## MATERIAL PROVIDED
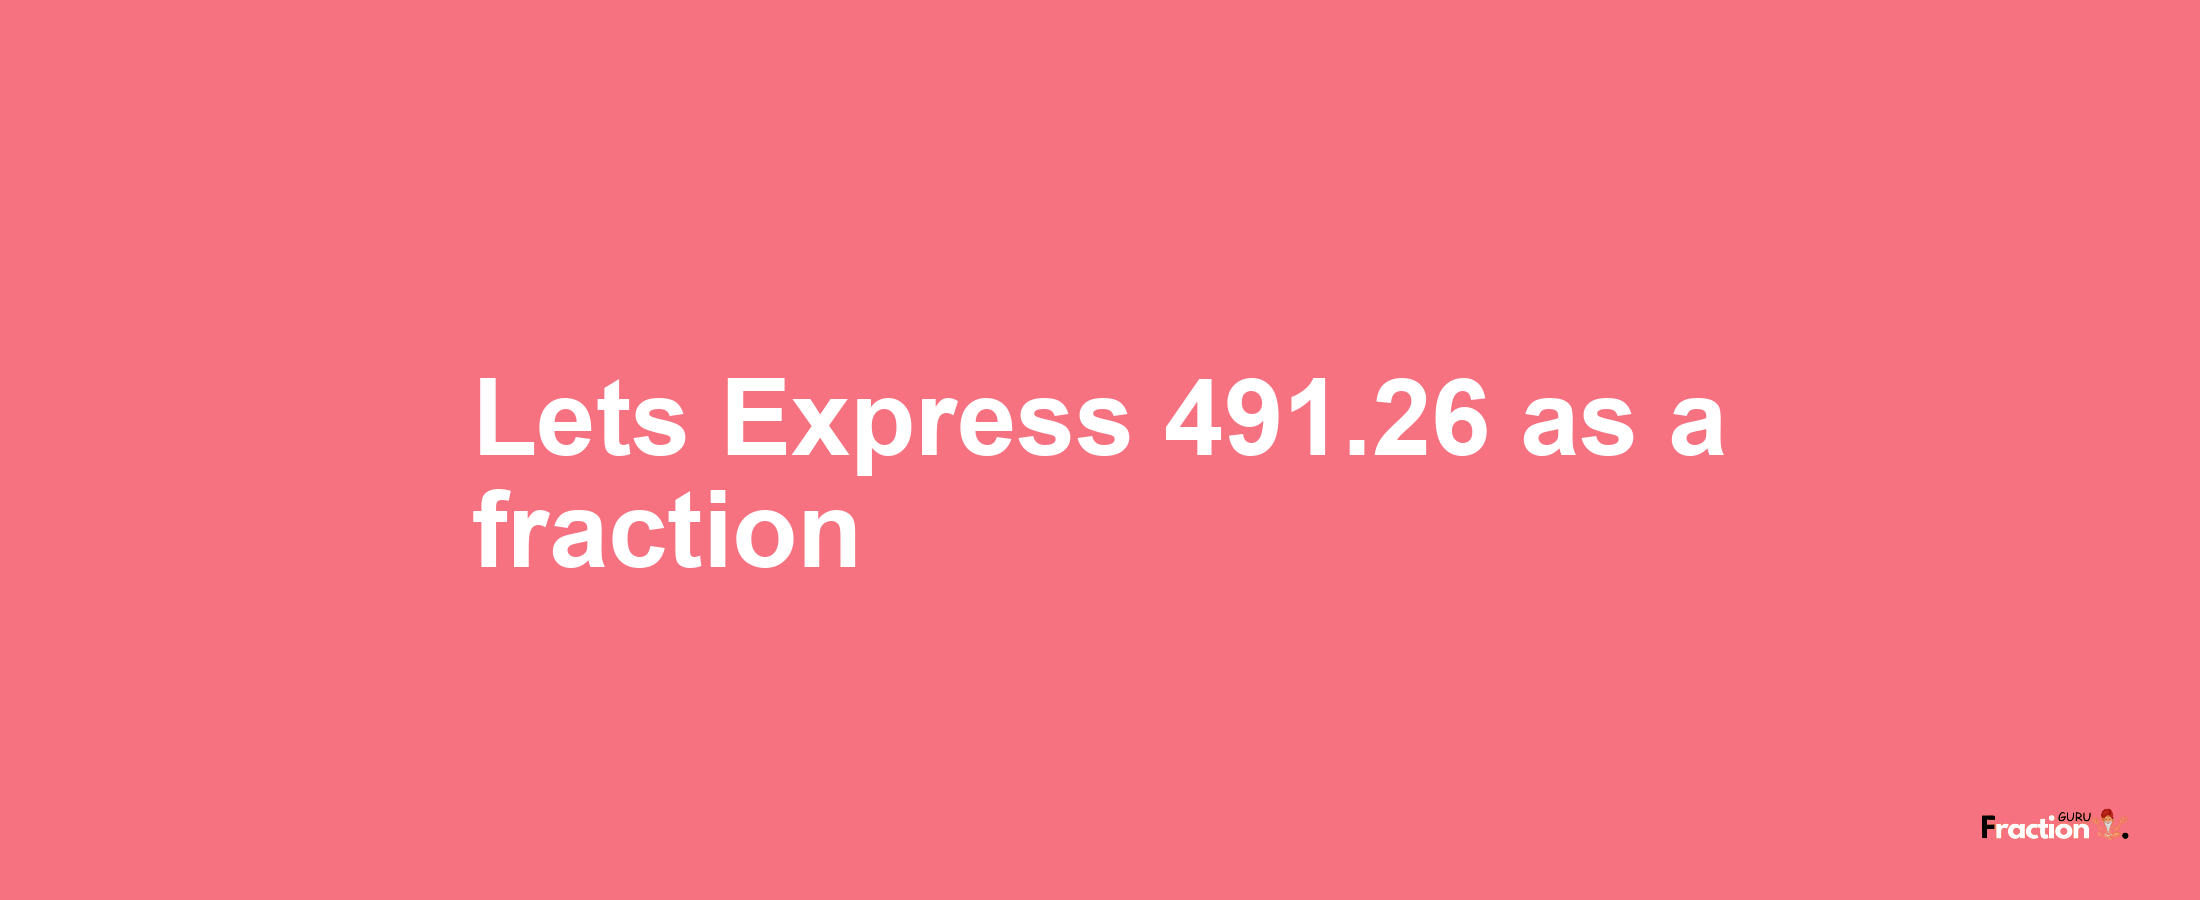 Lets Express 491.26 as afraction
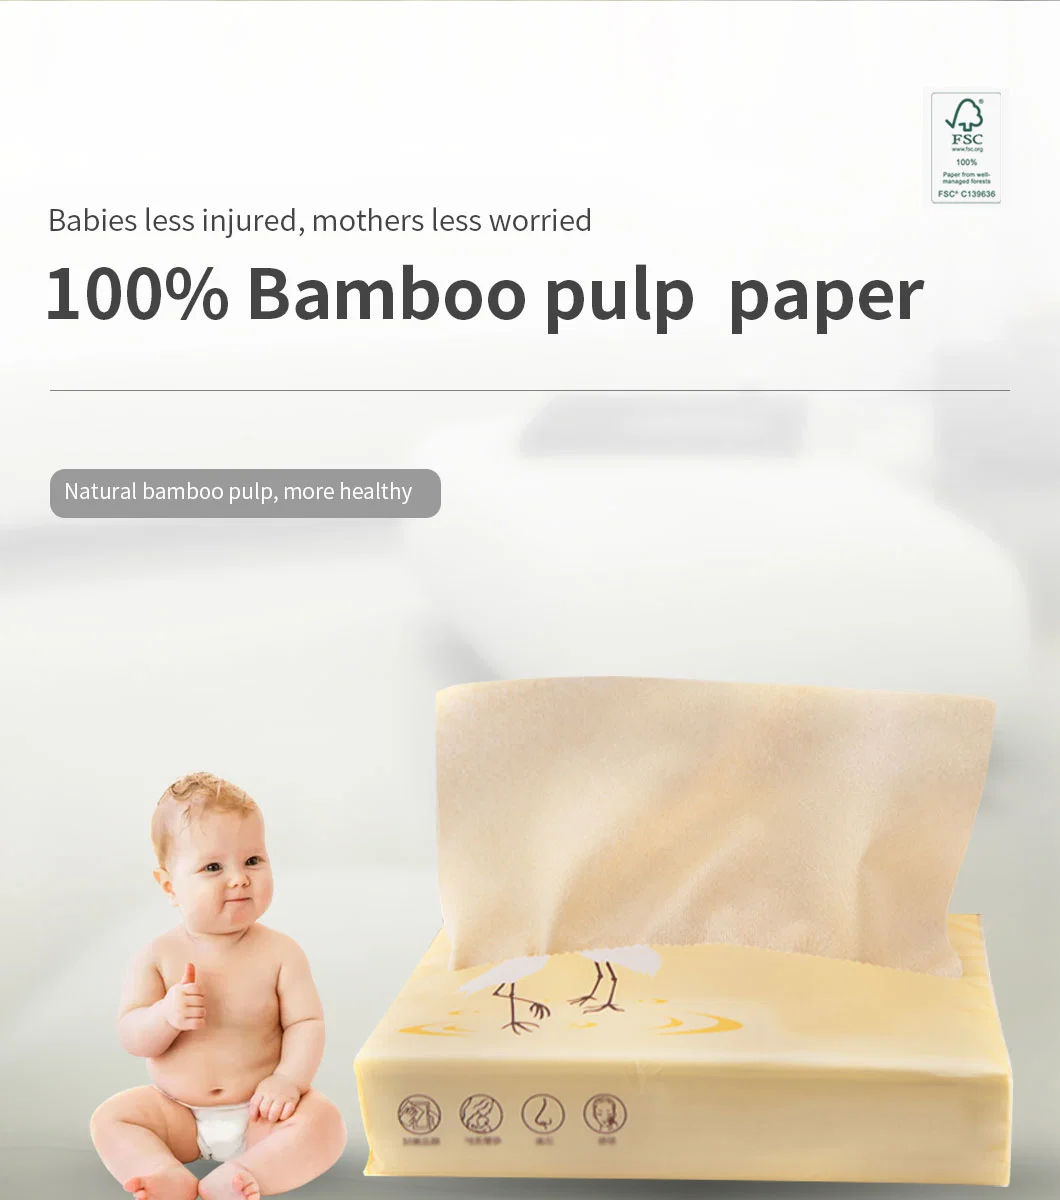 Baby Care Bamboo Facial Paper/Towel, Super Safe Biodegradable Bath Tissue/Towel, Eco Friendly Ultra Soft 1 Ply Sheets, 120 Counts Special Formula OEM Welcome
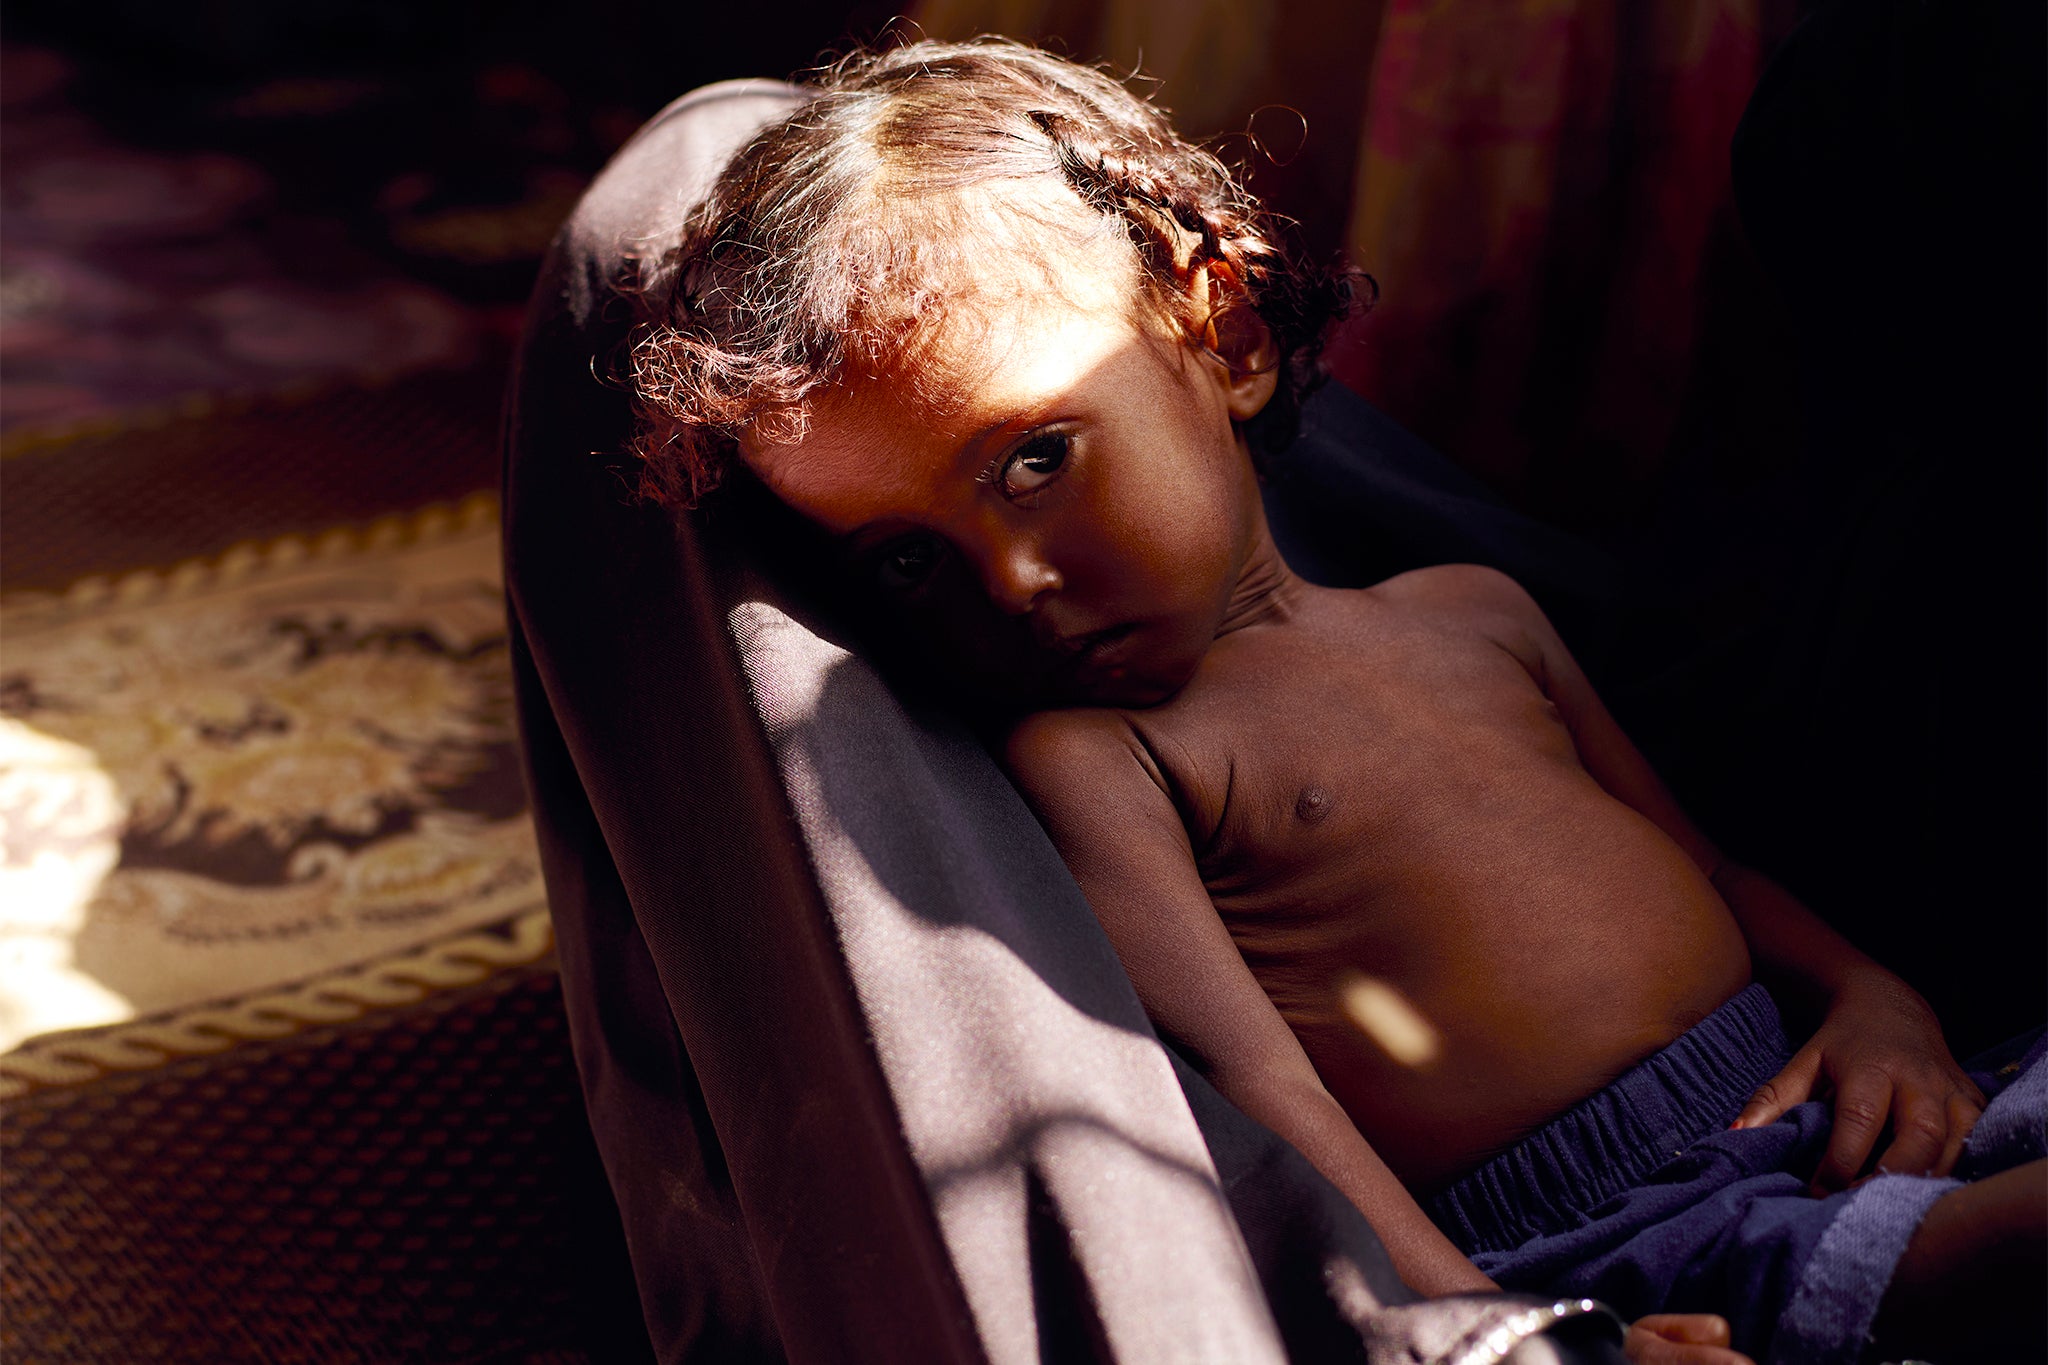 Riam, who was diagnosed with severe malnutrition more than 10 months ago. She is one of the 2.2 million children under five, identified by WFP, as being acutely malnourished in Yemen.

## WHAT NEEDS TO BE DONE
Starting at the line that contains "Baby Care Bamboo" and ending with the last line of the data, transcribe every line exactly; skip the pictures.

## YOUR SOLUTION
 Baby Care Bamboo Facial Paper/Towel, Super Safe Biodegradable Bath Tissue/Towel, Eco Friendly Ultra Soft 1 Ply Sheets, 120 Counts Special Formula OEM Welcome
 Riam, who was diagnosed with severe malnutrition more than 10 months ago. She is one of the 2.2 million children under five, identified by WFP, as being acutely malnourished in Yemen.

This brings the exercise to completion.